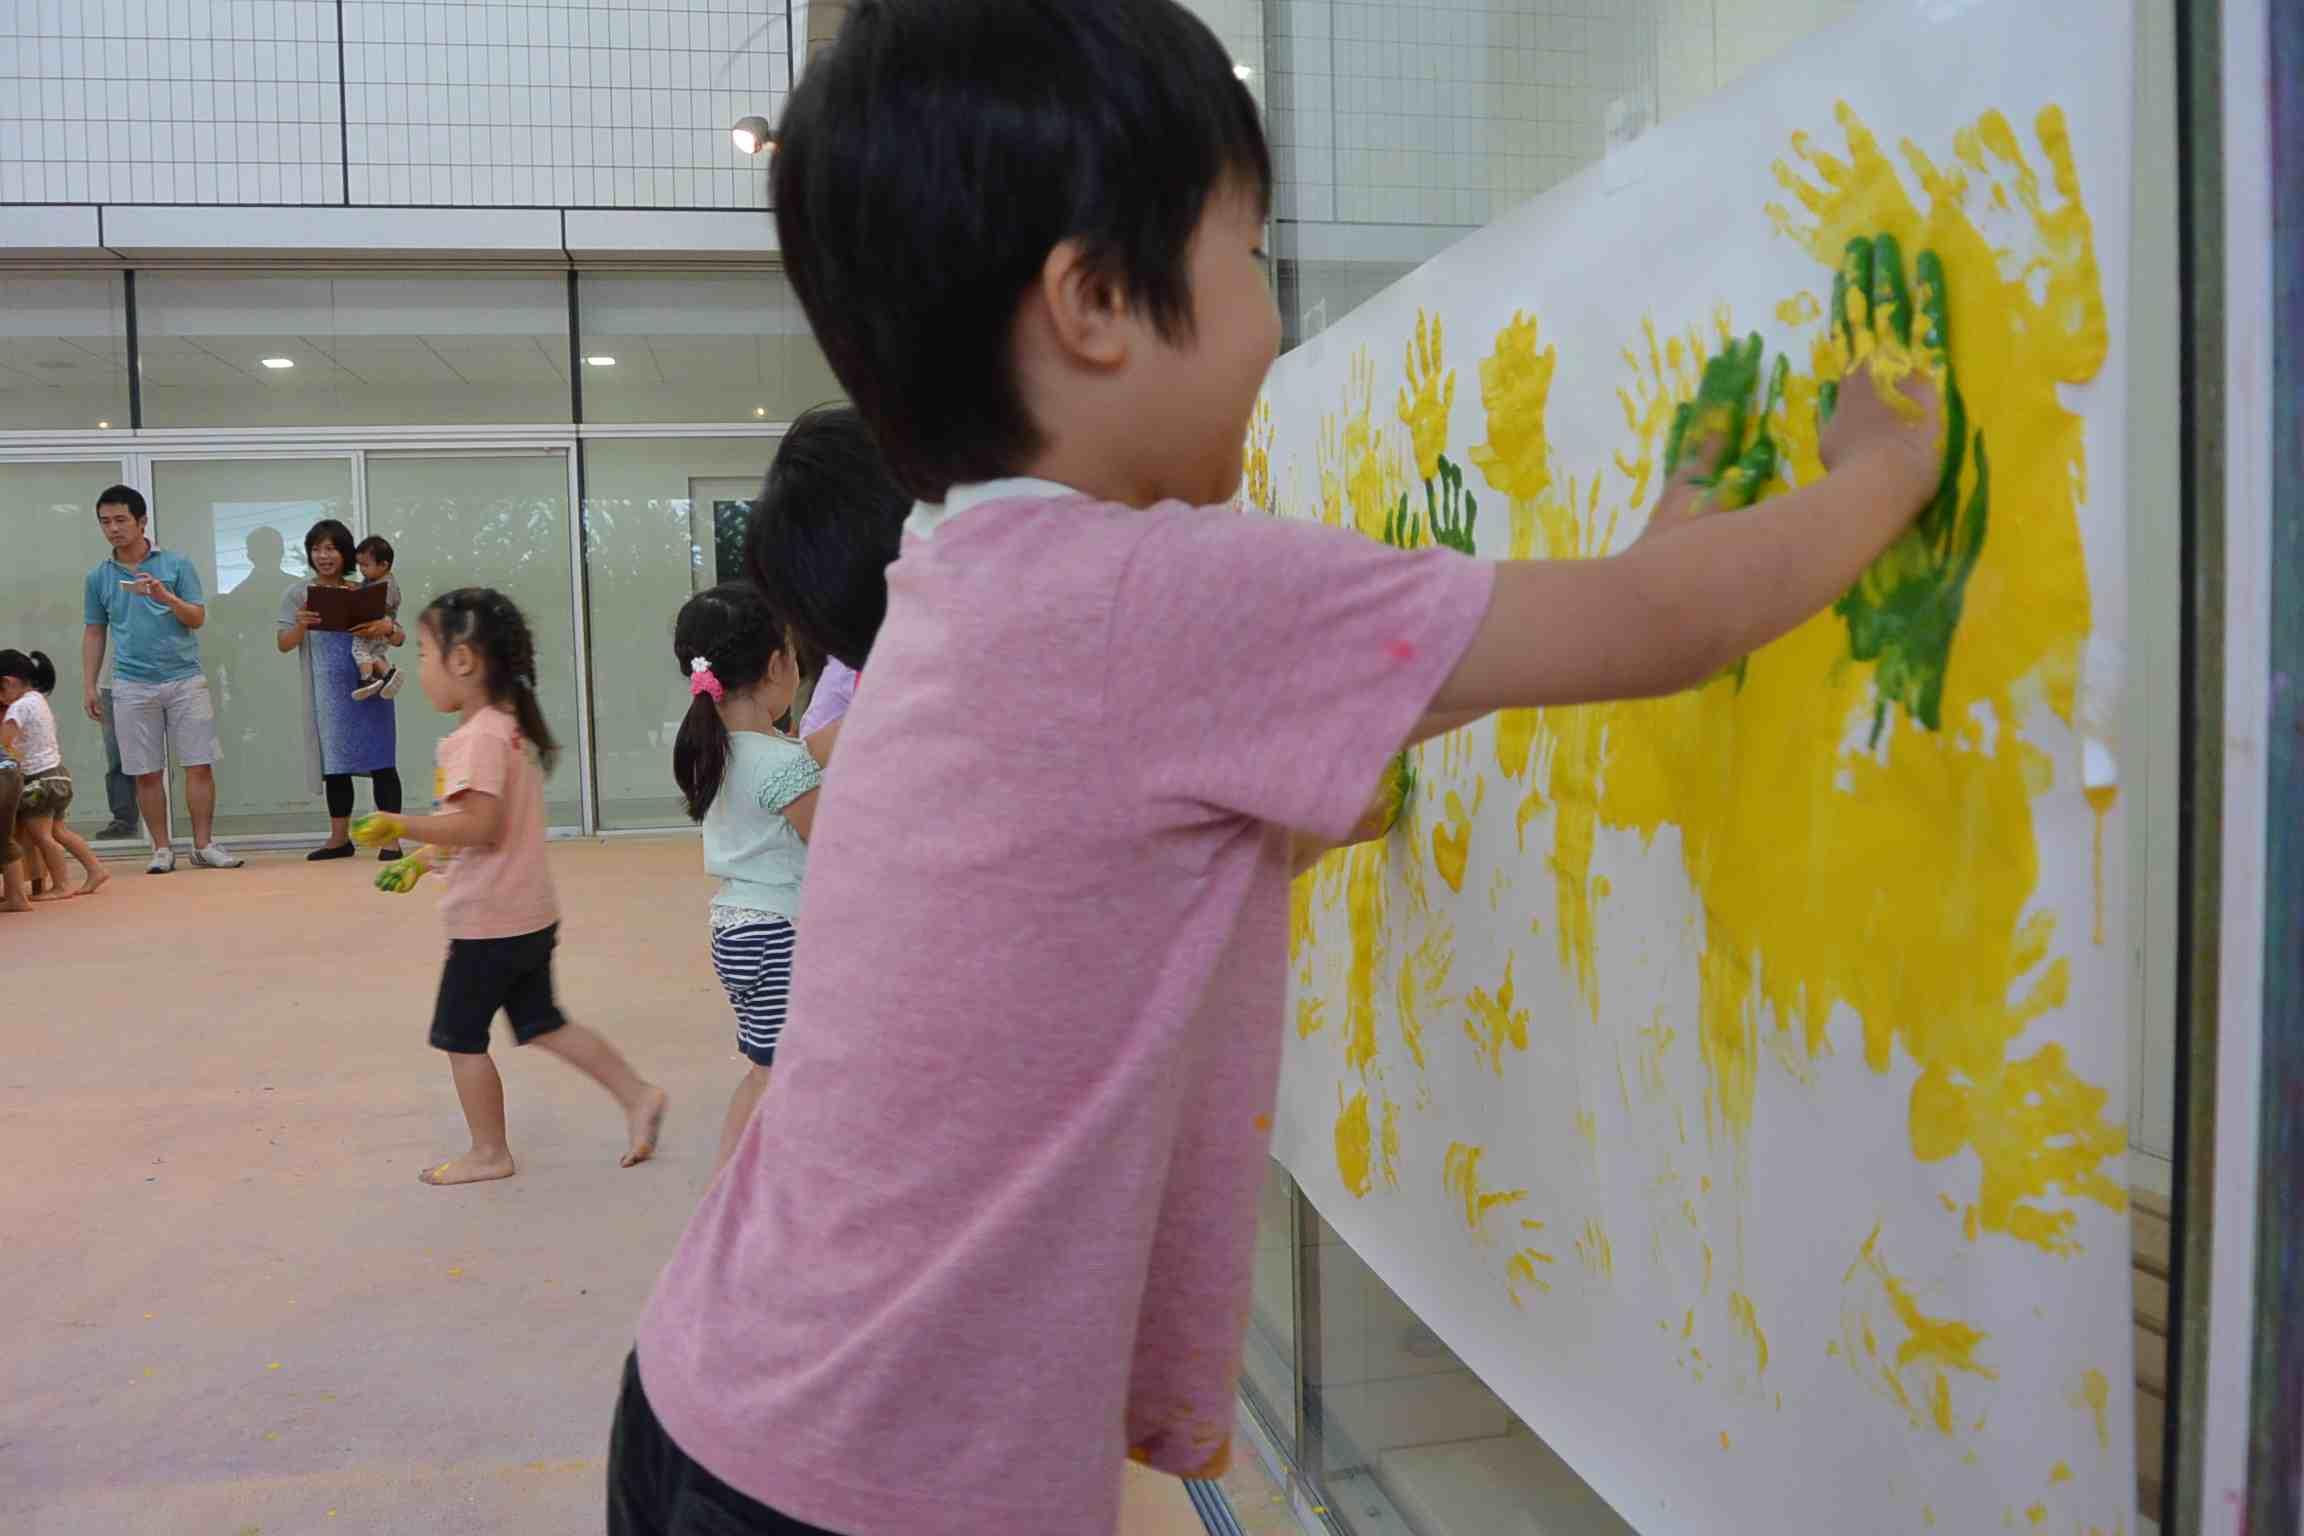 子どものためのプログラム「えのぐであそぼう!」(幼稚園・保育園の年中組の幼児が対象)の様子
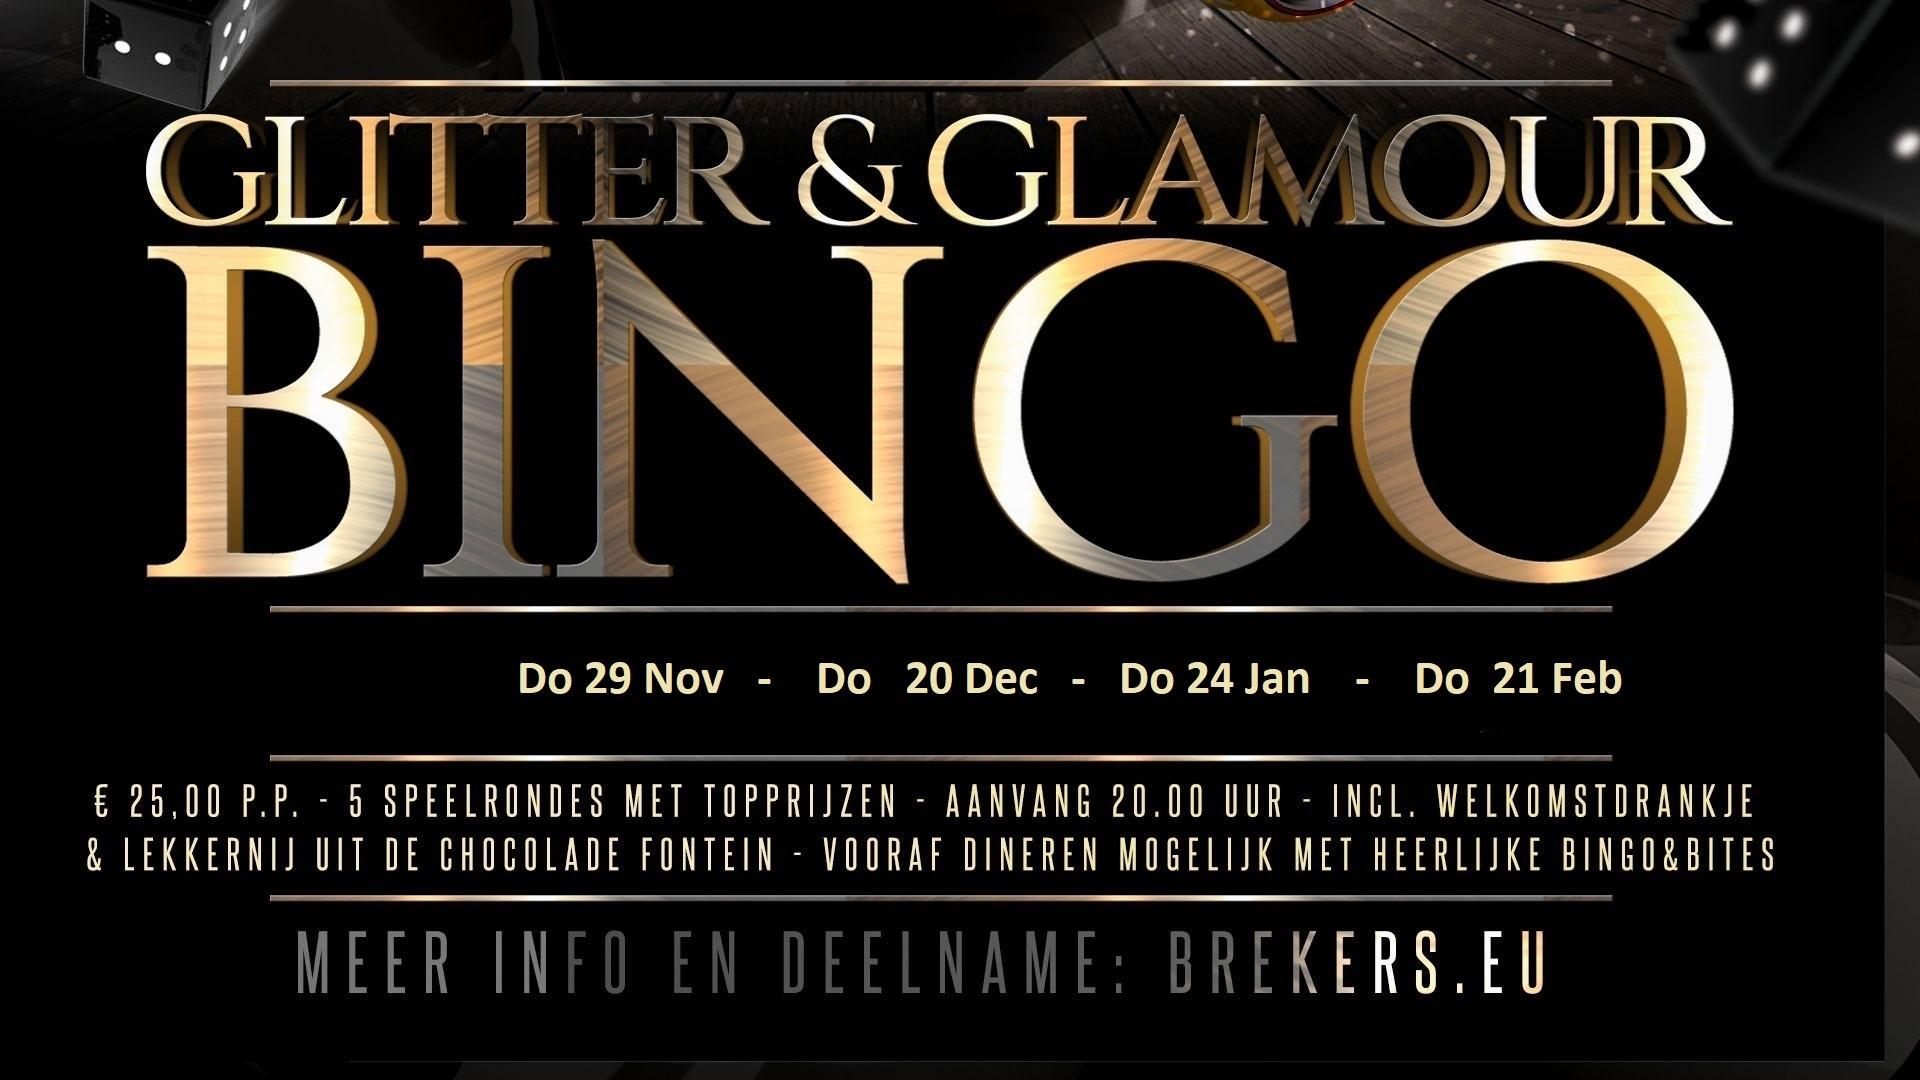 Glitter & Glamour Bingo 29 november
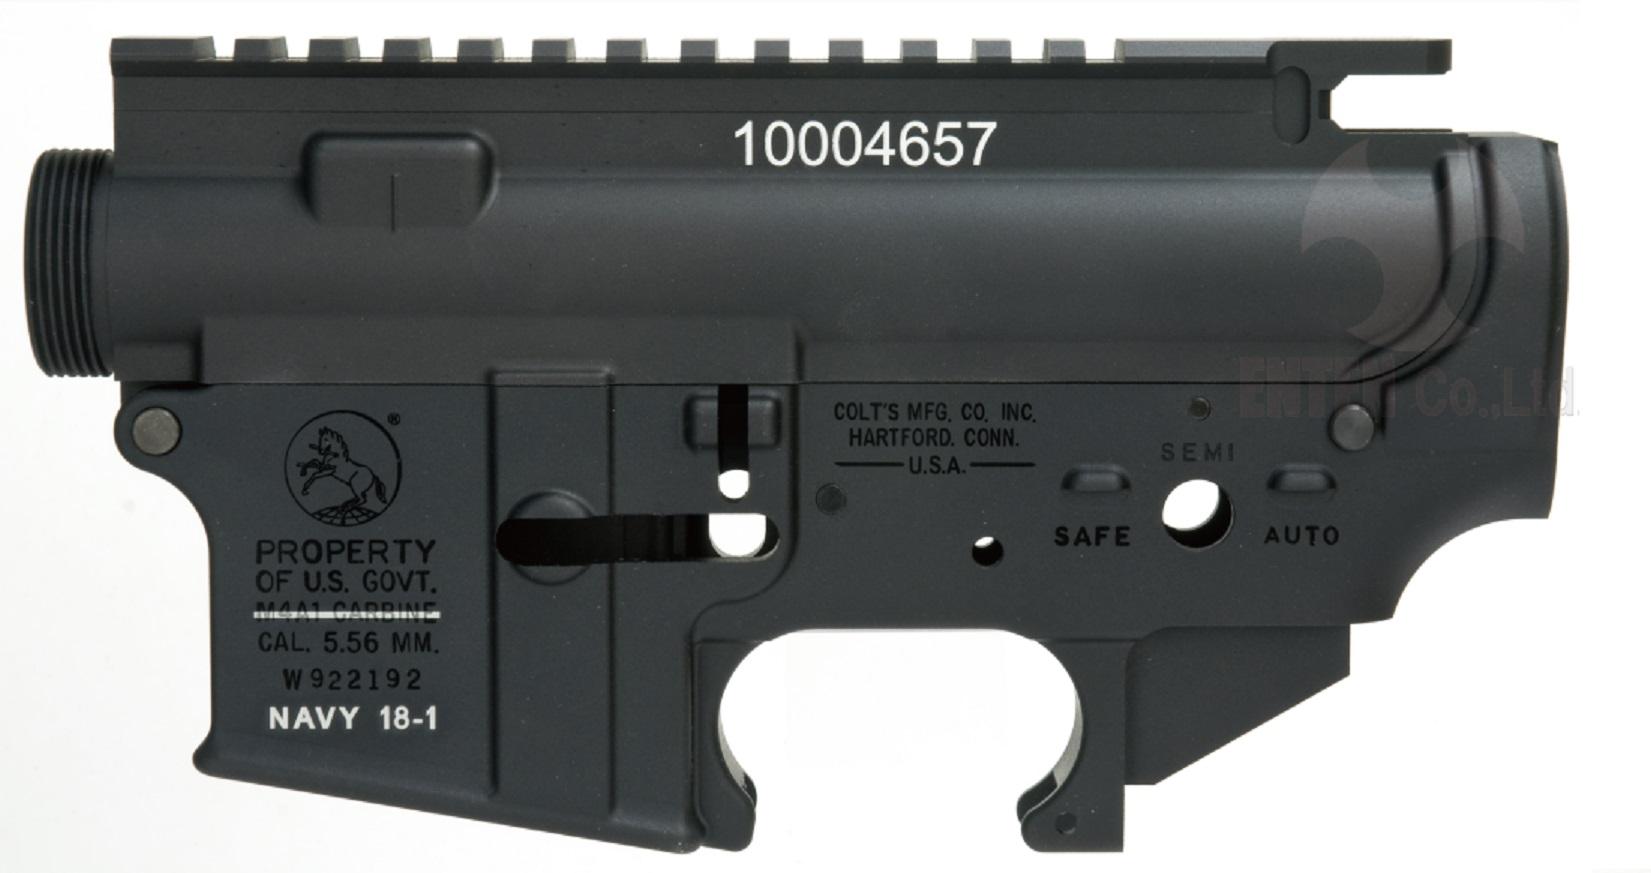 ANGRY GUN マルイM4MWS対応 MK18 MOD.1 レシーバーセット (ロールスタンプ仕様/6061-T6アルミ)

Exercise: Restate the data word for word without pictures.

Output for this exercise:
 子どものためのプログラム「えのぐであそぼう!」(幼稚園・保育園の年中組の幼児が対象)の様子
 Glitter & Glamour Bingo 29 november
 ANGRY GUN マルイM4MWS対応 MK18 MOD.1 レシーバーセット (ロールスタンプ仕様/6061-T6アルミ)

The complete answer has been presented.